I could not save you, just as you could not save me. We knew it. We had always known it. How long can you live with an illusion? How long can you be seduced by the sweet scent of imagination? How long could we live this illusion? How long could we be seduced by the sweet scent of imagination? Long enough to almost forget that it ultimately remains, in the final analysis, only illusion, and the scent flies with the disillusionment.

For a long time we had succeeded in maintaining the illusion, for a long time we had been seduced by the sweet scent of imagination. But on this day we were awakened not only in its novelty, but also in the disillusionment. We have not spoken about it, not a single word, but we have known it, and it has made our hearts heavy. We held each other by the hand, just to make sure that we were still together, but even if we did not name it, we were aware that it was a walk of farewell. Even though we did not want to believe it, we could not stop by. The illusion had finally and irrevocably died, and the sweet fragrance of the imagination had been absorbed by the bitter scent of reality.

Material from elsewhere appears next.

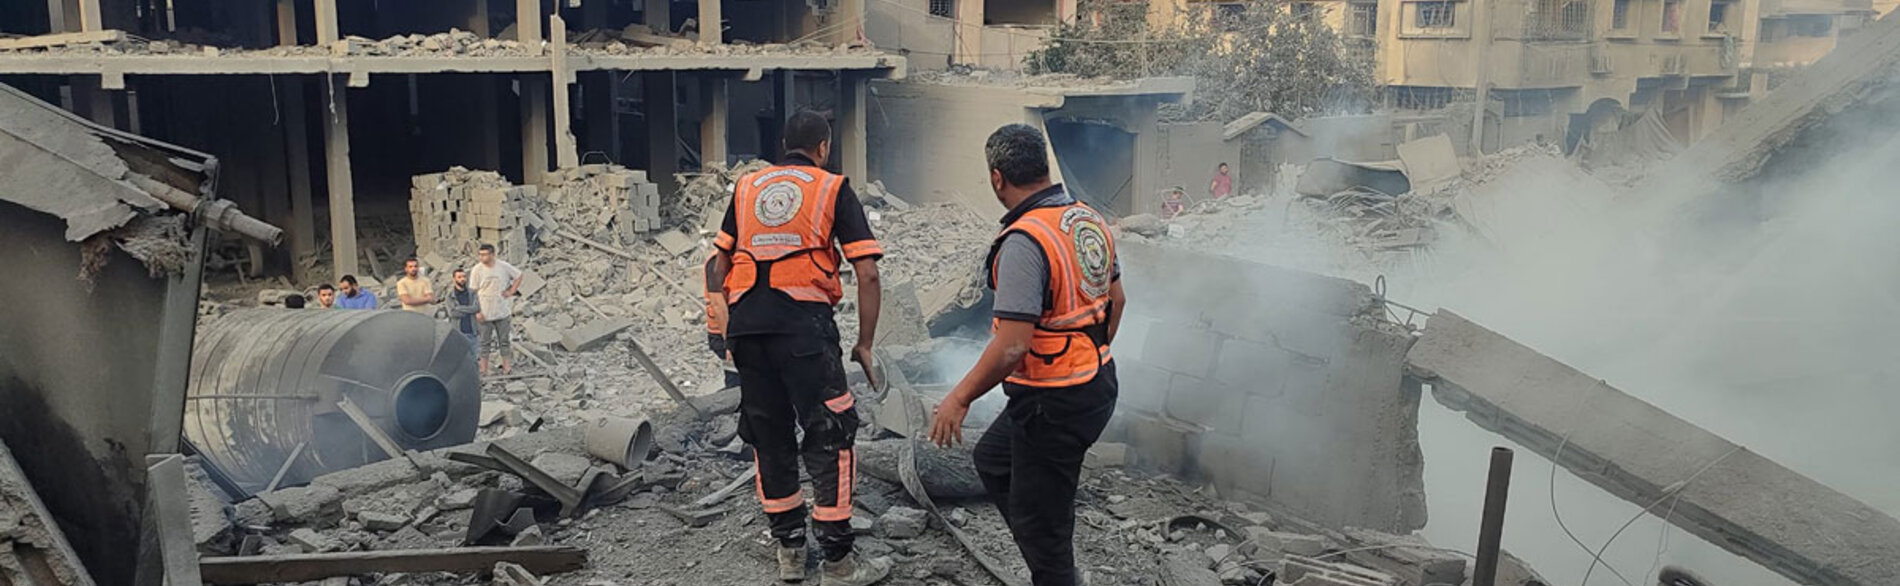 A Civil Defense team on a mission to rescue survivors and retrieve bodies from beneath the rubble in a residential area of Gaza. About 2,700 people, including some 1,500 children, have been reported missing. Eighteen Palestinian Civil Defense personnel have reportedly been killed since 7 October 2023. Photo by the Civil Defense, 2 November 2023.

Like this, this day had also passed, and the night was broken. I was sitting upright on the bed, my back against the wall, looking out of the window, into a star-shaped night, which was no longer ours, but only yours and mine, just as this day of farewell was no longer ours, but had already splintered into yours and mine. I thought that we had tried, with all the strength we could muster, but it was futile. We stopped where there was nothing left to hold. We hoped where there was nothing to hope for. We asked where there was no answer. And yet, up to this point, we had managed to maintain the illusion, until we had been let into the sweet fragrance of imagination.

You have long since fallen asleep, with your head resting in my lap while I leaned my back against the wall, lost my eyes in the night and lost my hand in your hair, and stayed awake for a long time. A few hours of unintentional activity of farewell. Perhaps everything would have been easier, the farewell and recognition of the now separate ways, all easier to bear, the pain and the isolation, if we had not maintained this illusion so long, if we were not so long from the sweet scent of the imagination. But who can say a stop when life lures to that illusion of happiness and joy. Who would not have let himself be seduced, to the last drop, even We?

When I awake again, you were no longer there, your head was no longer in my lap, and my hand reached into the void. Since then is a half-pain-free a good experience.